La Russie fait une nouvelle crise. Cette fois, c’est la longue et douloureuse tentative de mener le Kosovo à une indépendance formelle qui pousse le Kremlin à mettre le doigt dans l’oeil de l’Occident. A l’inverse du chamboulement provoqué par un bouclier anti-missiles en Europe, ce conflit ne semble pas vouloir s’éteindre, et menace même d’aggraver les relations déjà tumultueuses entre la Russie et l’Occident.

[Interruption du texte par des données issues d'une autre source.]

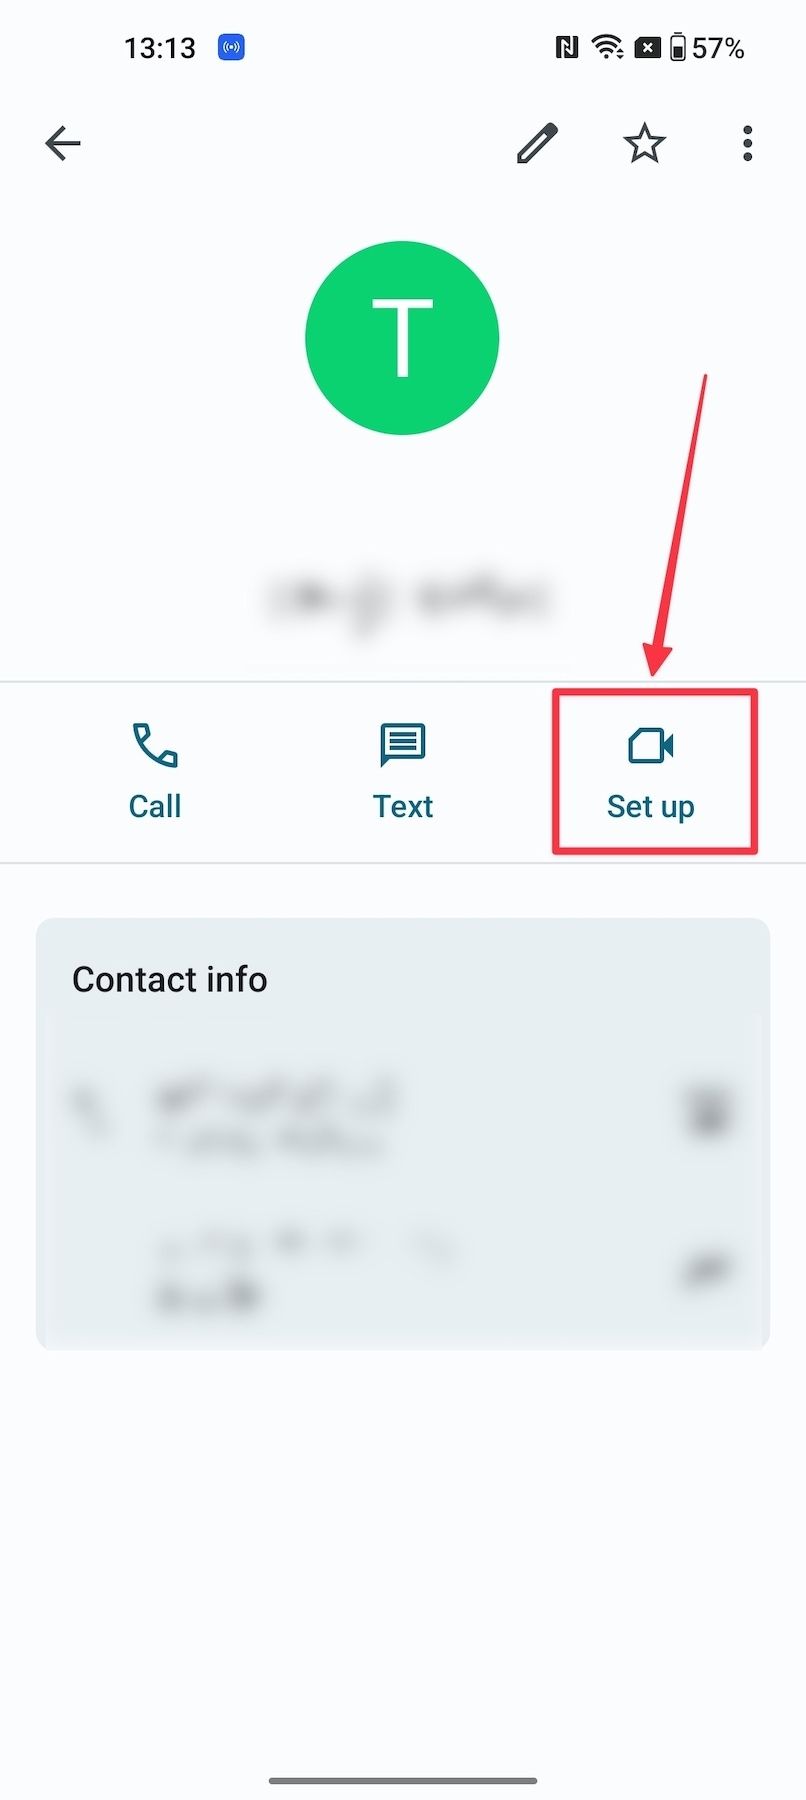 Screenshot showing Video call set up option in contact info page on Android

La Russie n’a jamais manqué une occasion d’entraver les efforts des pays occidentaux pour faciliter l’indépendance du Kosovo. Après une année de négociations entre la Serbie et le Kosovo, le Kremlin du président Vladimir Poutine a rejeté le rapport du médiateur de l’Onu qui recommandait une indépendance surveillée, empêché le conseil de sécurité d’accepter ce rapport, et a insisté pour que les négociations entre la Serbie et le Kosovo soient prolongées de trois mois – même après que tout compromis était devenu impossible.

Il y a trois semaines, lors du conseil de sécurité de l’Onu, la Russie a insisté pour que tout accord obtienne l’approbation à la fois de la Serbie et du Kosovo, et sur la nécessité de nouvelles négociations. Elle sait pourtant que de telles négociations seront stériles, mais croit qu’un nouvel appel, apparemment innocent, à parlementer ébranlera l’unité de l’UE, ce qui semble constituer pour Poutine un objectif vital. Un nouveau retard est aussi susceptible de provoquer des violences au Kosovo et de saper le soutien international à la cause de l’indépendance.

La haine qu’éprouve Poutine à l’égard des relations de “soumission” de l’époque d’Eltsine alimente son opposition. Mais c’est le retard de l’Occident à résoudre le problème du statut du Kosovo qui a permis à cette opposition de gagner du terrain. En effet, l’Occident n’a pas cessé de mal interpréter les intentions de la Russie au sujet du Kosovo. Beaucoup proclamaient que le Kremlin avait beau repousser l’inévitable, au final il n’empêcherait pas l’indépendance. Aujourd’hui, à la onzième heure, la Russie s’accroche à sa position obstructionniste, et ses élections présidentielles de mars ne feront sans doute que consolider toute position anti-européenne.